EIDOS DEVELOPS
SOFTWARE FOR NOKIA
Copyright 2001 www.tombraiderchronicles.com
[ October 12th 2001 ]
The 5510
looks more like a Gameboy Advance than a mobile
phone, and will make its first outing at a snowboard
show - just the demographic that Nokia hopes to
attract.
There's
a lot of snow in Finland. There's also a lot of
Nokia. Inevitably, the two got together - first,
with the phone company's sponsorship of international
snowboarding competitions, and now with the launch
of the first phone aimed squarely at the youthful
demographic which is either snowboarding or wishing
that it was.
Announced
on Thursday - and to be shown publicly for the
first time at the Board Stupid snowboarding show
at Manchester this weekend - the Nokia 5510 is
a radical departure from the company's previous
trend of understated styling.
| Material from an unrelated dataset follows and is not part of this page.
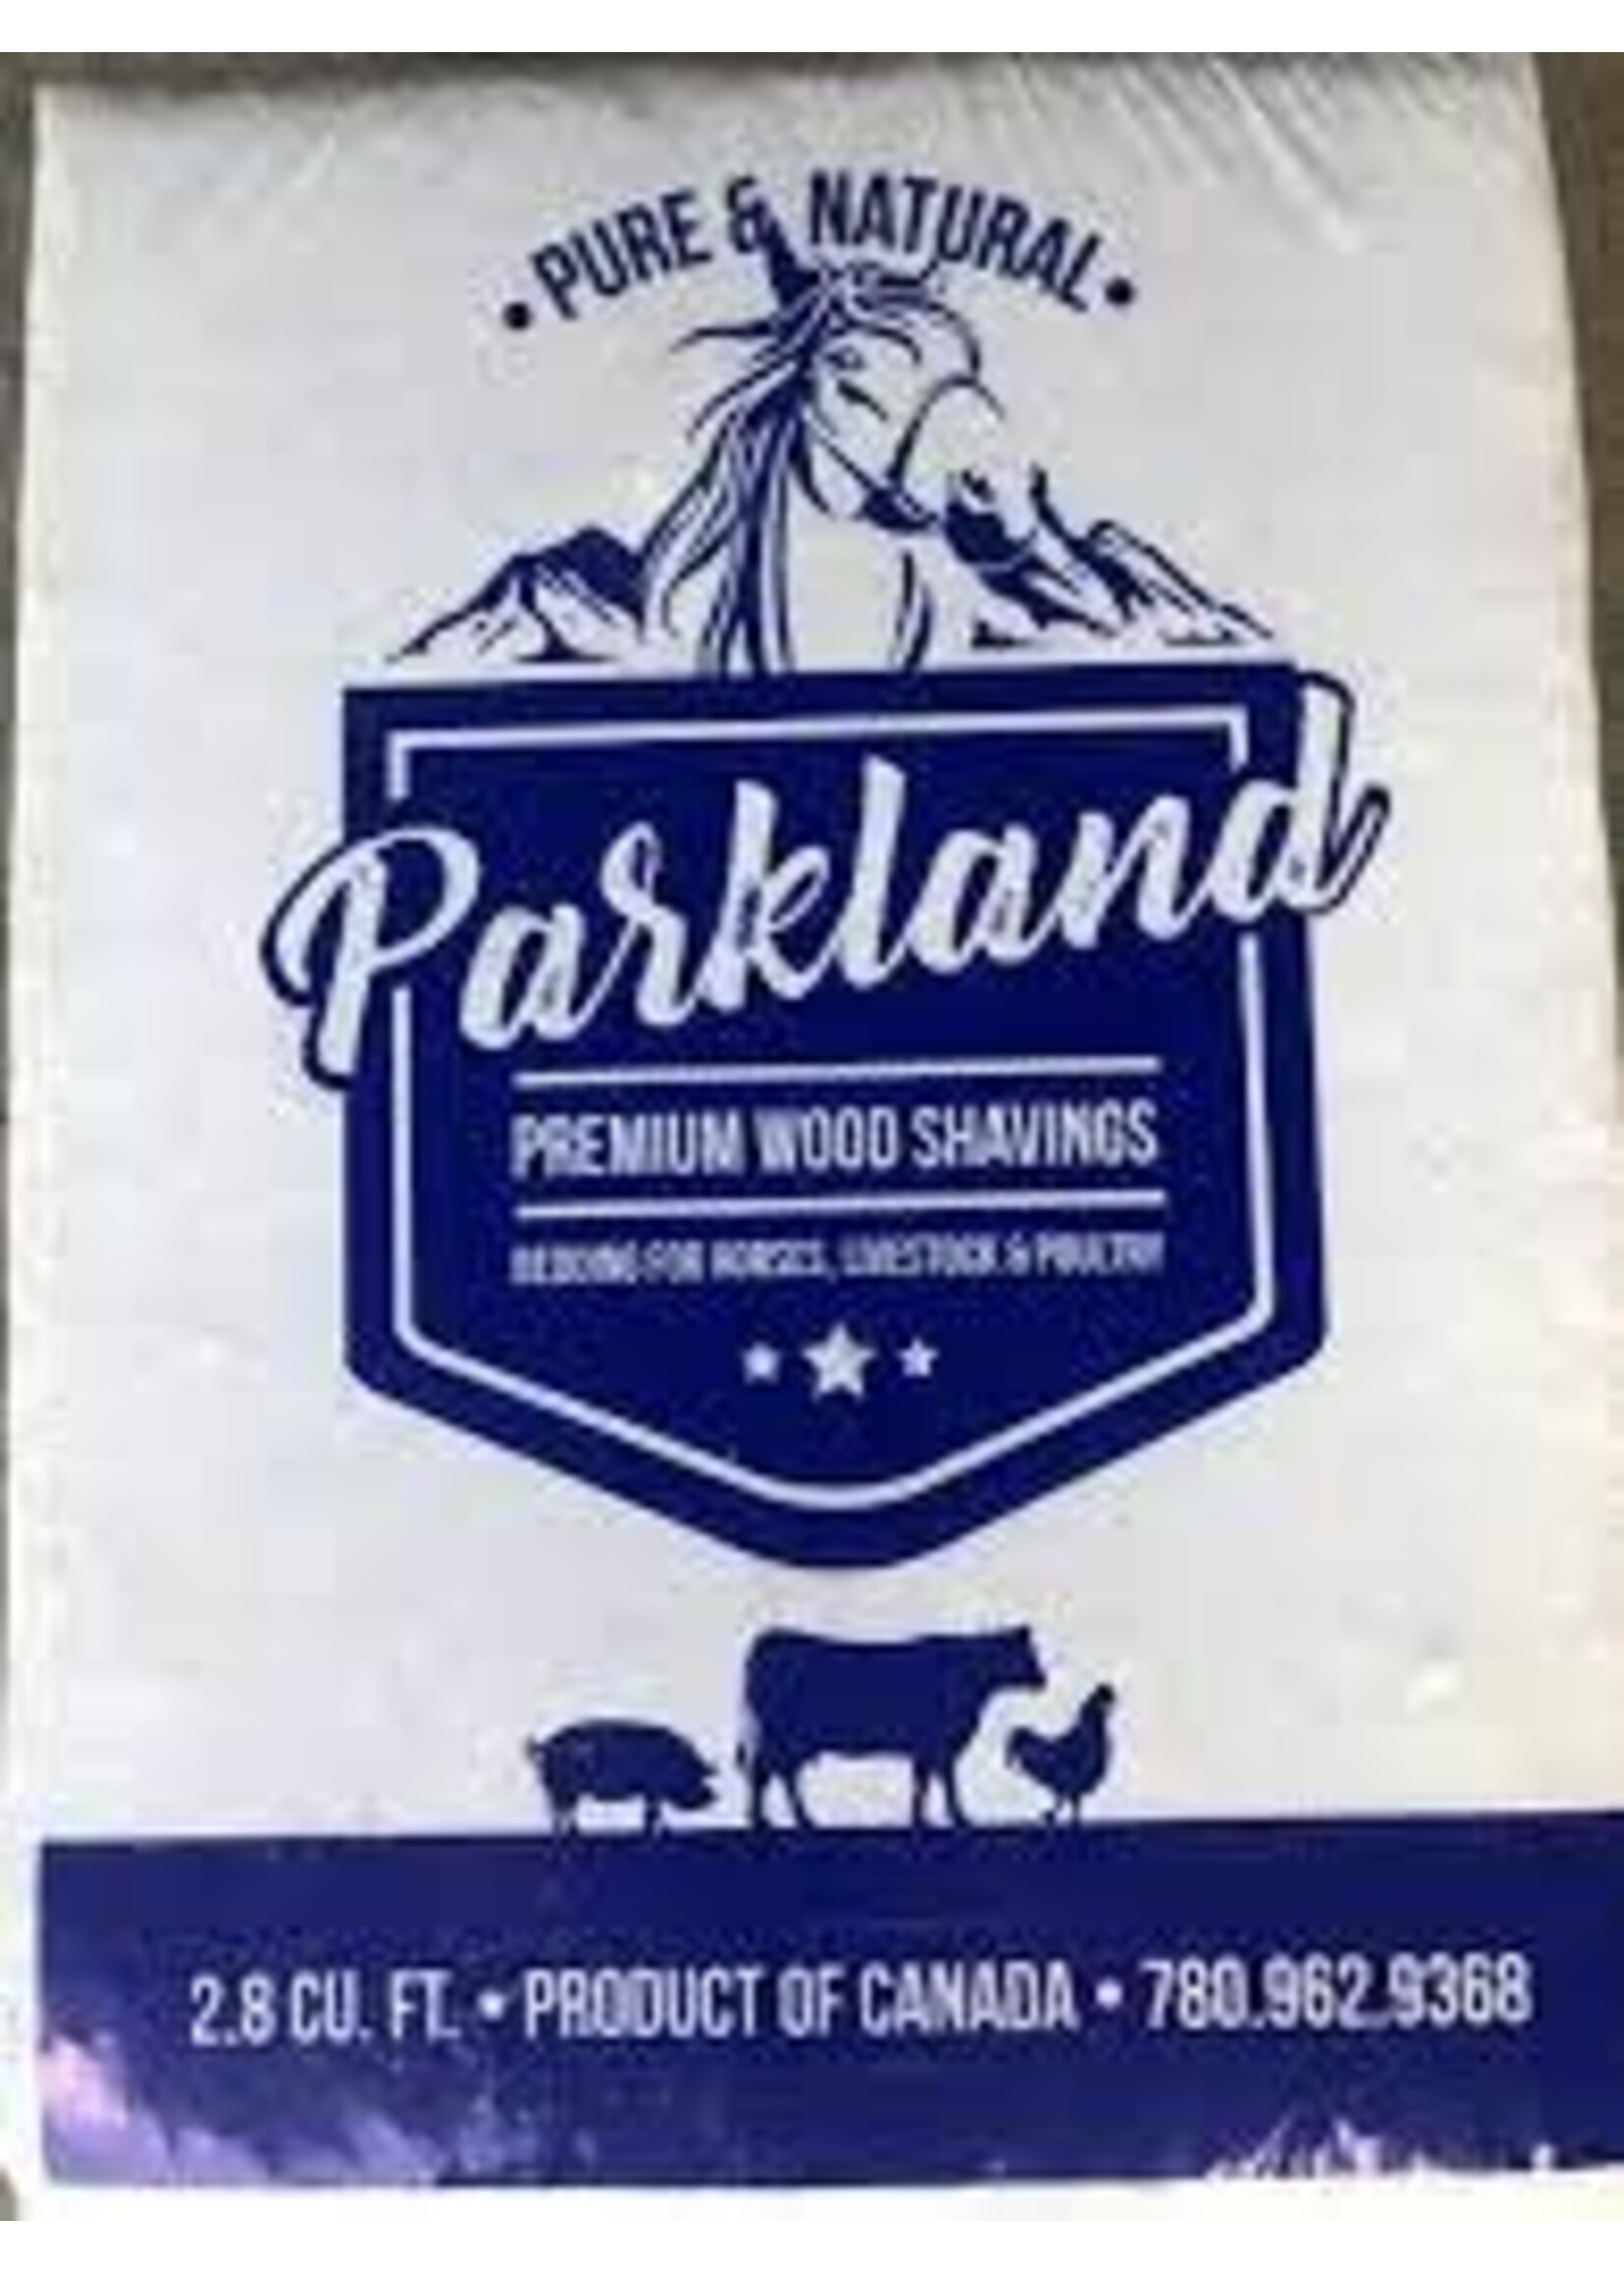 Parkland Shavings - Baled - 2.8 Cubic Feet

Designed to be held
in both hands like a Gameboy Advance, the phone
has a high-resolution, monochrome LCD screen with
clusters of buttons either side. These form a
full QWERTY keyboard, designed for two thumb typing
and feeding an advanced selection of SMS text
messaging tools.
You can
broadcast a message to multiple recipients, concatenate
multiple messages together for longer texts, use
a special chat mode, and so on. The controls are
also set out for gamesplaying: the phone comes
with five games, and extra levels can be downloaded
once you've completed what's on offer. Nokia says
that many games companies, including Rare and
Eidos, are working on new software for the phone,
but remains coy about when new product will be
available and how it will be downloadable.
The phone
also has an MP3 player and recorder, and an FM
radio. Most of the phone's functions can be used
simultaneously, so you can listen to MP3s while
playing games or record from the radio into memory
while texting. MP3s are stored in protected AAC
format to discourage galloping piracy, but you
can move music from one 5510 to another over the
built-in USB interface.
Uploading
MP3s can only be done from Nokia's own PC software;
the phone doesn't support the WMA standard. There's
64MB of flash memory for music storage, non-expandable;
the battery lasts between 55 and 260 hours in
standby, and the phone's available in red or blue
- no, you can't change the covers.
As befits
the global nature of the snowboarding tribe, Nokia
is launching the new phone in all territories
simultaneously -- or at least in time for Christmas.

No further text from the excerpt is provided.